Jewish Culture in Postwar Europe
As European Jewish communities tried to rebuild after the Holocaust, they faced new challenges and forged identities distinct from those in Israel and the United States.
Jewish writing and political thought in Europe after 1945 was consumed by the challenges of postwar reconstruction, fears of renewed conflict between East and West, and grim memories of destruction and betrayal. The same Europe that had inspired generations of Jews with promises of liberalism and progress had witnessed the greatest disaster in Jewish history. And although some non-Jews intervened to save their Jewish neighbors during the war, frequent cases of collaboration with the Nazi occupiers left widespread ripples of mistrust in the aftermath.
Western Europe
Jewish survivors returning to their former homes in France and the Netherlands encountered indifference and even hostility, especially when they tried to reclaim their homes and property. In the aftermath of widespread collaboration and German occupation, many Europeans wanted to subsume uncomfortable memories of Jewish suffering in a general narrative of resistance, rather than work to restore what was left of the European Jewish community. Indeed, the reemergence of European Jewry was far from certain.
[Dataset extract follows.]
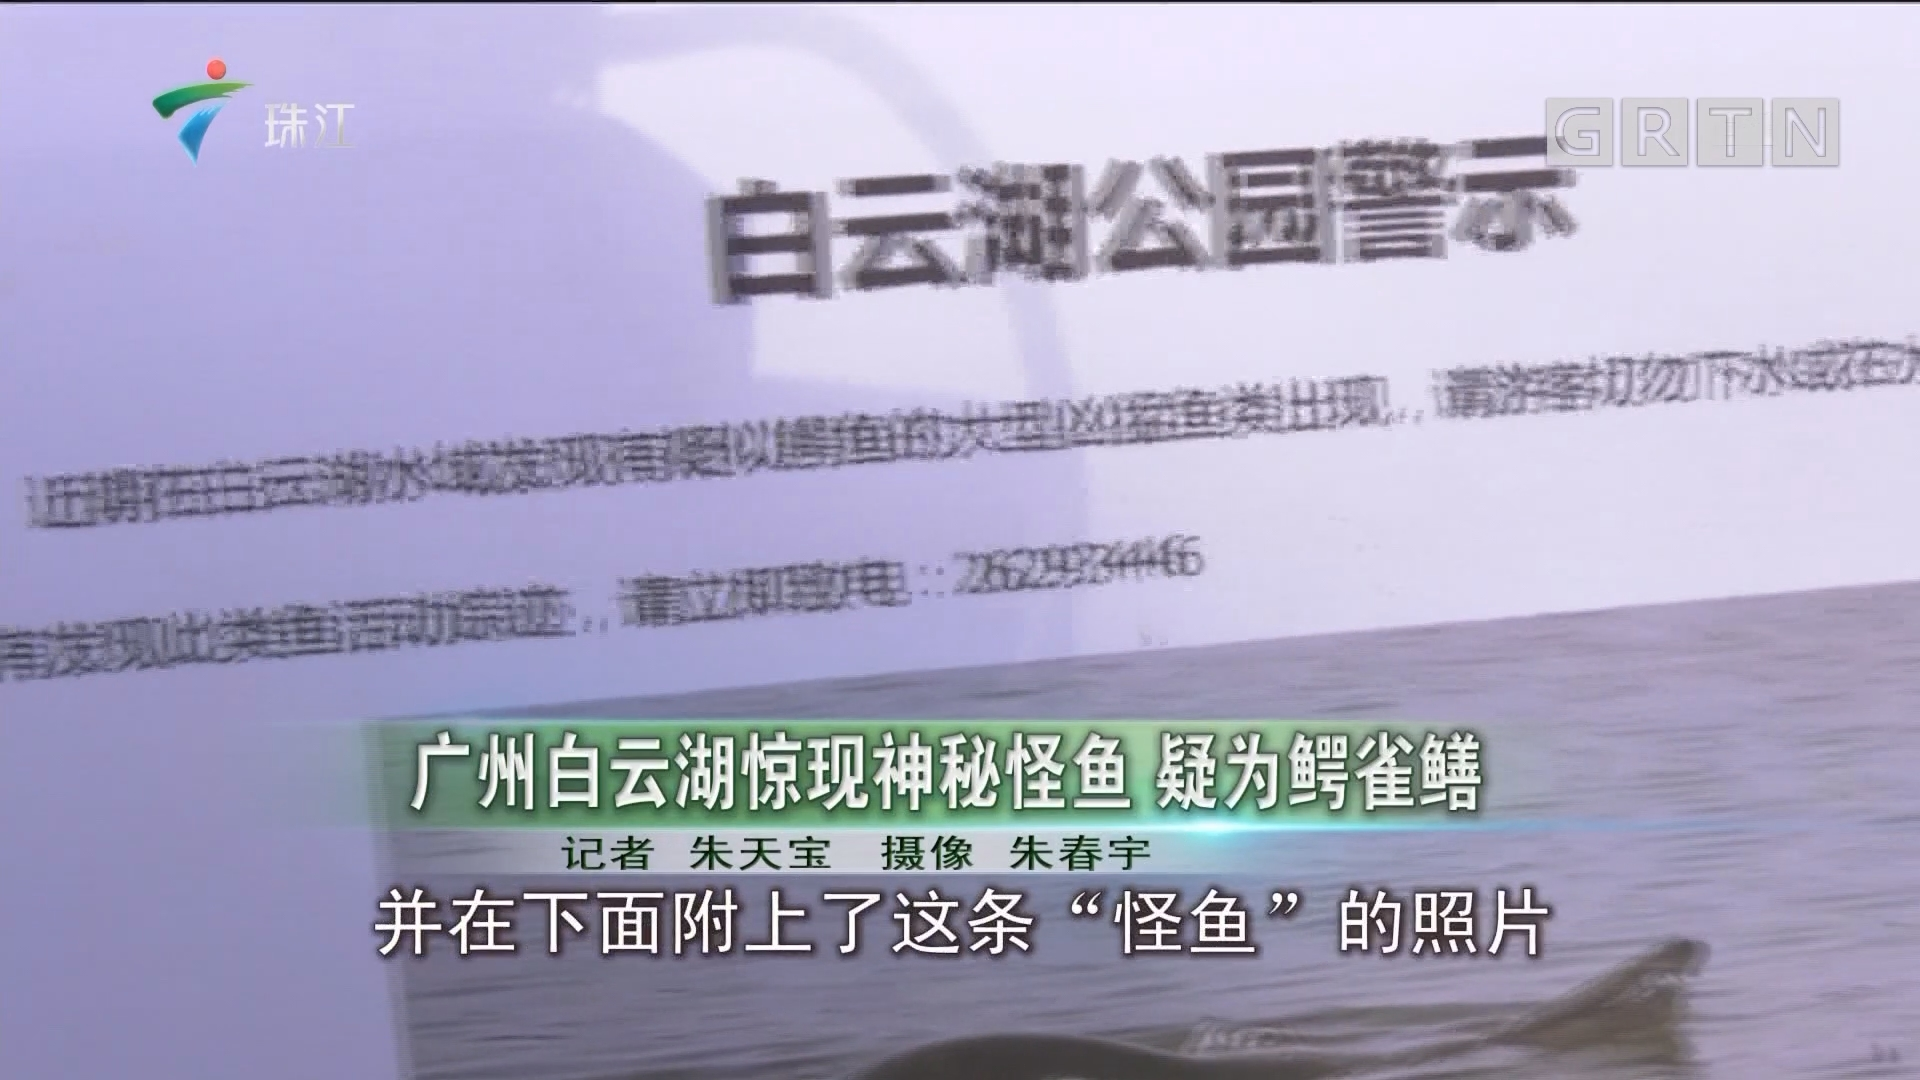 广州白云湖惊现神秘怪鱼 疑为鳄雀鳝

Jewish survivors had to take stock and ask themselves on what terms they could again become French, or Dutch, or Italian. Everywhere in Europe, on both sides of the Iron Curtain, Jews discovered, in those first years after the war, that few people wanted to hear their stories or recognize their suffering. In the Soviet Union and the satellite countries of Eastern Europe, communist leaders used their supposedly universalist ideology to spread an invidious antisemitism that erased Holocaust memory, justified discrimination, and resulted in the murder of Jewish writers and poets.
Jean-Paul Sartre, in his foundational series of essays Reflections on the Jewish Question, written in 1944, argued that the Jew was largely a creation of the antisemite, his sense of his identity and history dependent on a memory of suffering and persecution. But events soon proved Sartre wrong, and the postwar world witnessed a surprising resurgence of Jewish self-confidence. While Jewish thinkers in Europe and the United States welcomed Sartre’s condemnation of antisemitism, they adamantly rejected his claims that Jewish identity was a creation of non-Jews. Indeed, a Europe compromised by war and fascism could learn a great deal from Jewish values. For instance, in his 1947 response to Sartre, the French Jewish philosopher Emmanuel Levinas asserted that the Jew not only had a positive identity of his own but also carried a message of universal importance. “The Jew,” Levinas wrote, “is the entrance itself of the religious event in the world, better yet it is the impossibility of the world itself without religion.”1 Judaism, Levinas believed, offered Europeans a way out of a fateful deadlock between land-and-soil determinism and abstract transcendent universalism. Grounded in rabbinic texts, Judaism emphasized mutual responsibility, which demanded constant attention to specific situations and concrete obligations toward others. Meanwhile, writing in German, Martin Buber, Ignaz Maybaum, and others also defiantly asserted Jewish relevance. The lessons of German Jewry’s long struggle for dignity, equal rights, and the best ideals of German humanism mattered more than ever for a German nation tarnished by a total moral collapse. However shaken by the Holocaust, European Jews, Maybaum argued, still had a role to play as a community distinct from both Israel and North America and perhaps in the future, as a bridge between Russian Jews and world Jewry.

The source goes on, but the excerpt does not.